═══ Dataset extract ═══

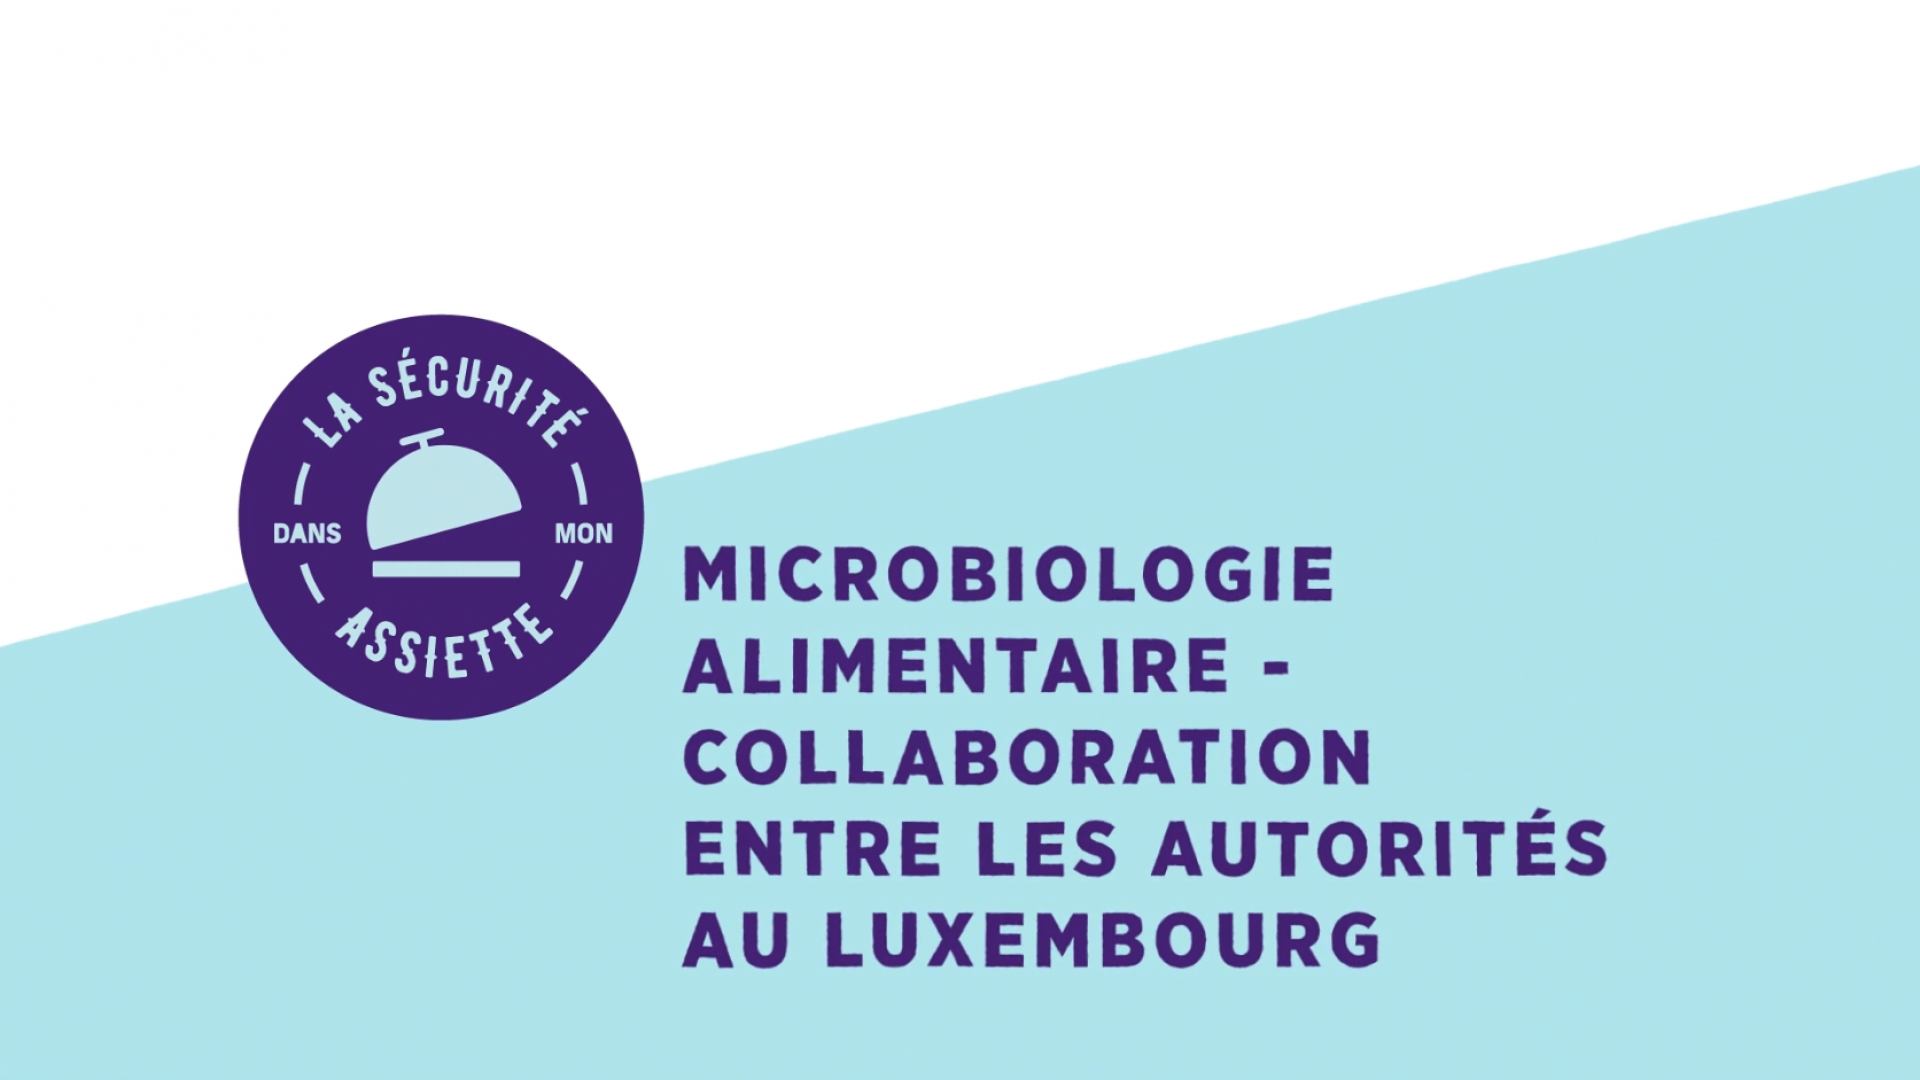 Microbiologie alimentaire - Collaboration entre les autorités au Luxembourg (sous-titres DE)
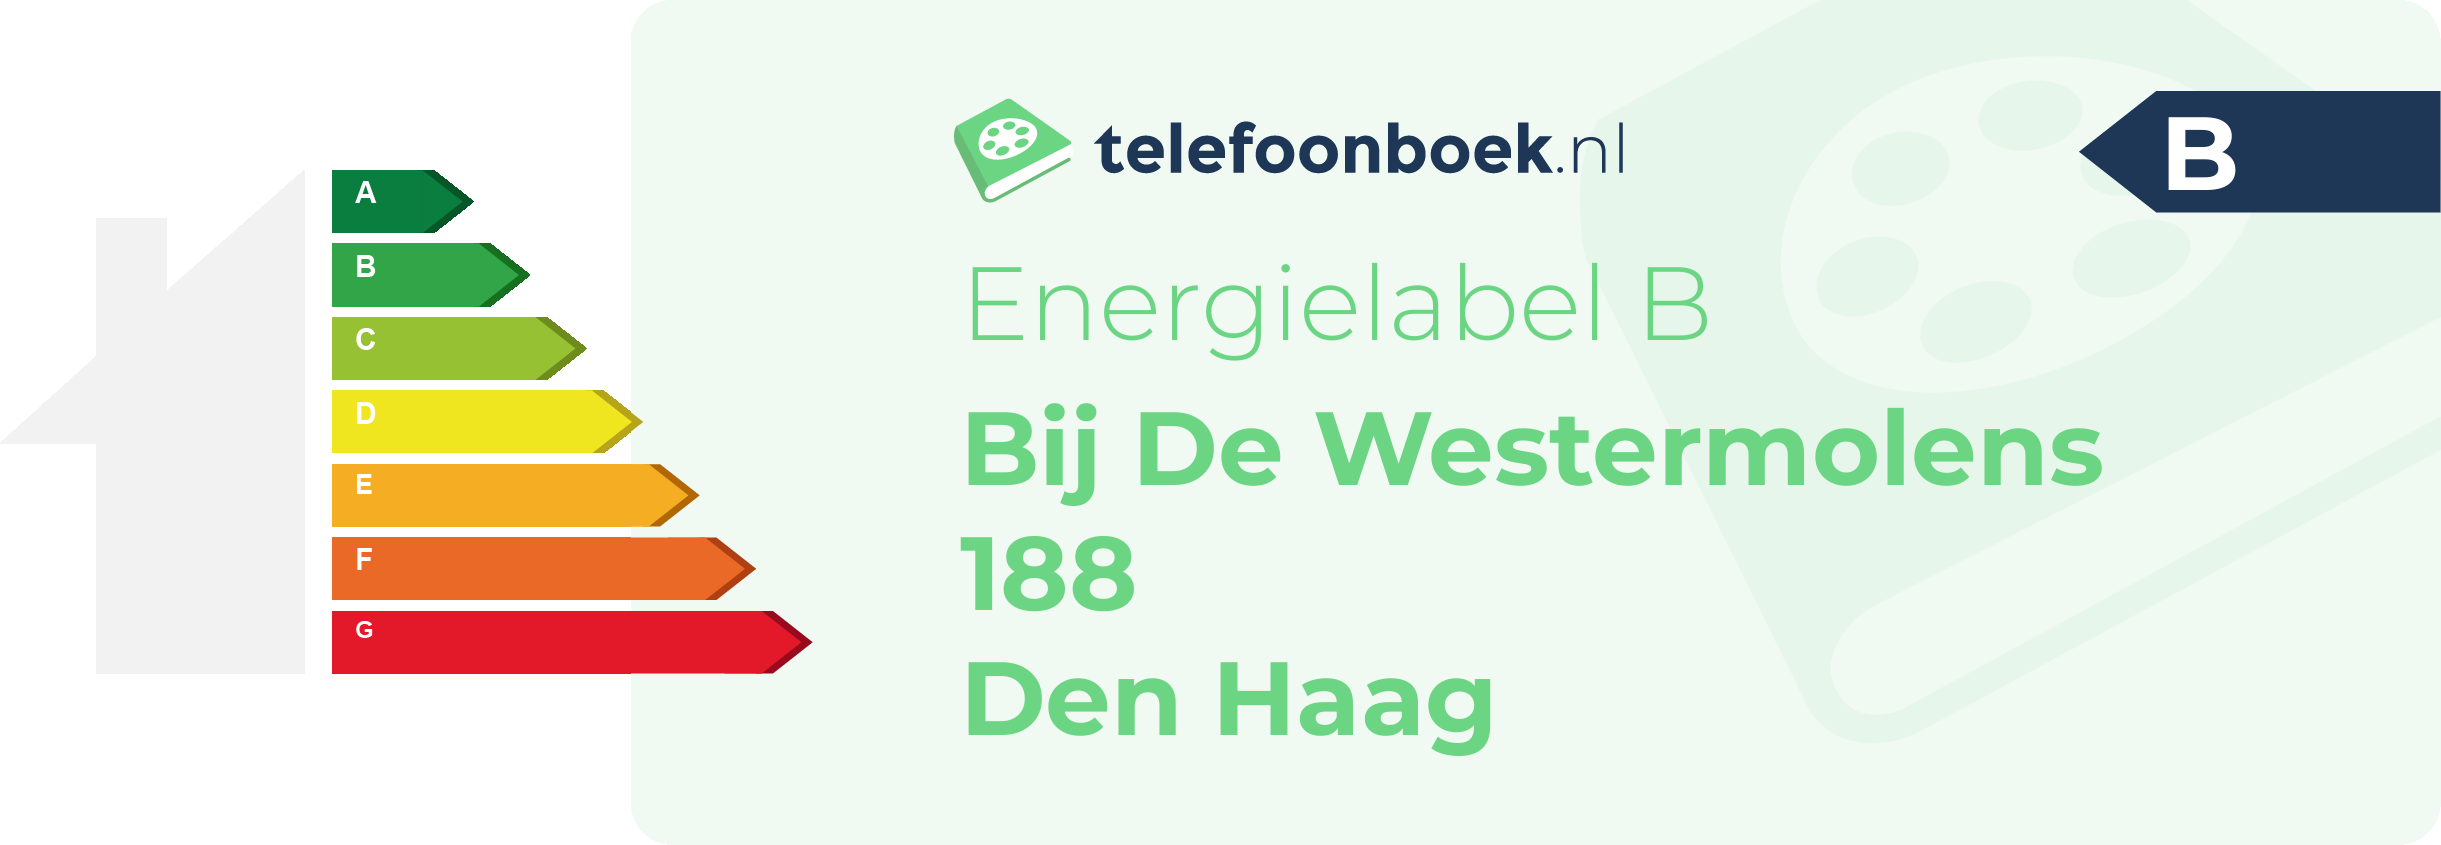 Energielabel Bij De Westermolens 188 Den Haag
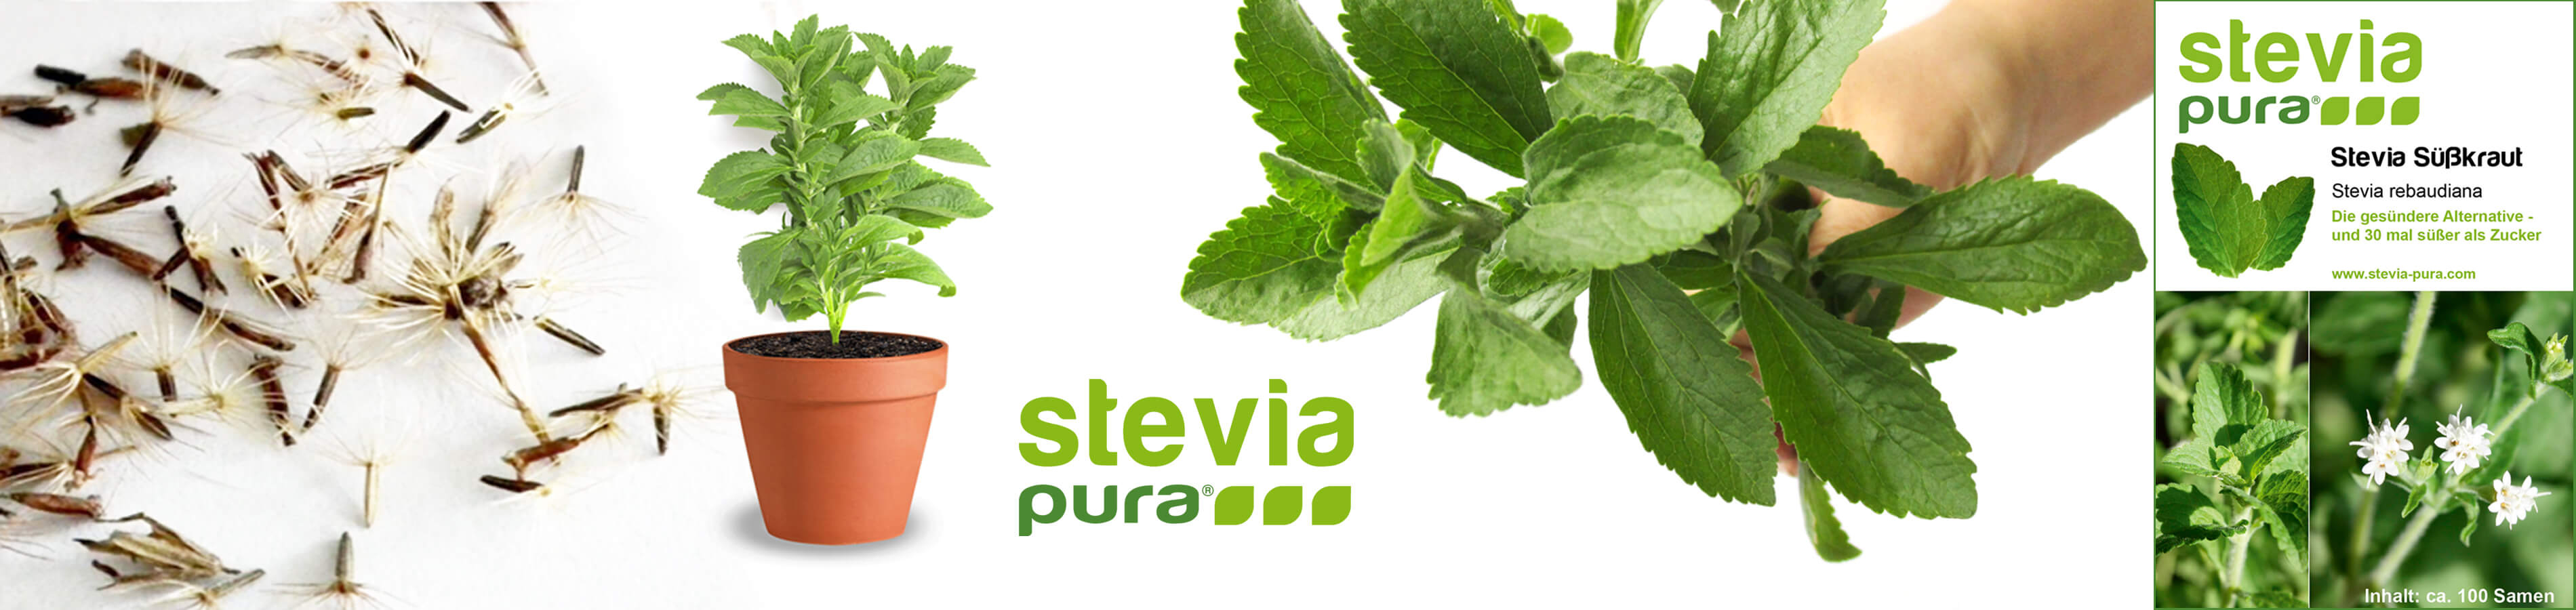 Sementes de Stevia Sementes de eStevia rebaudiana Erva...

═══

Return the full listing above exactly as written, and omit the pictures.

### Answer to this problem
 Microbiologie alimentaire - Collaboration entre les autorités au Luxembourg (sous-titres DE)
 Energielabel Bij De Westermolens 188 Den Haag
 Sementes de Stevia Sementes de eStevia rebaudiana Erva...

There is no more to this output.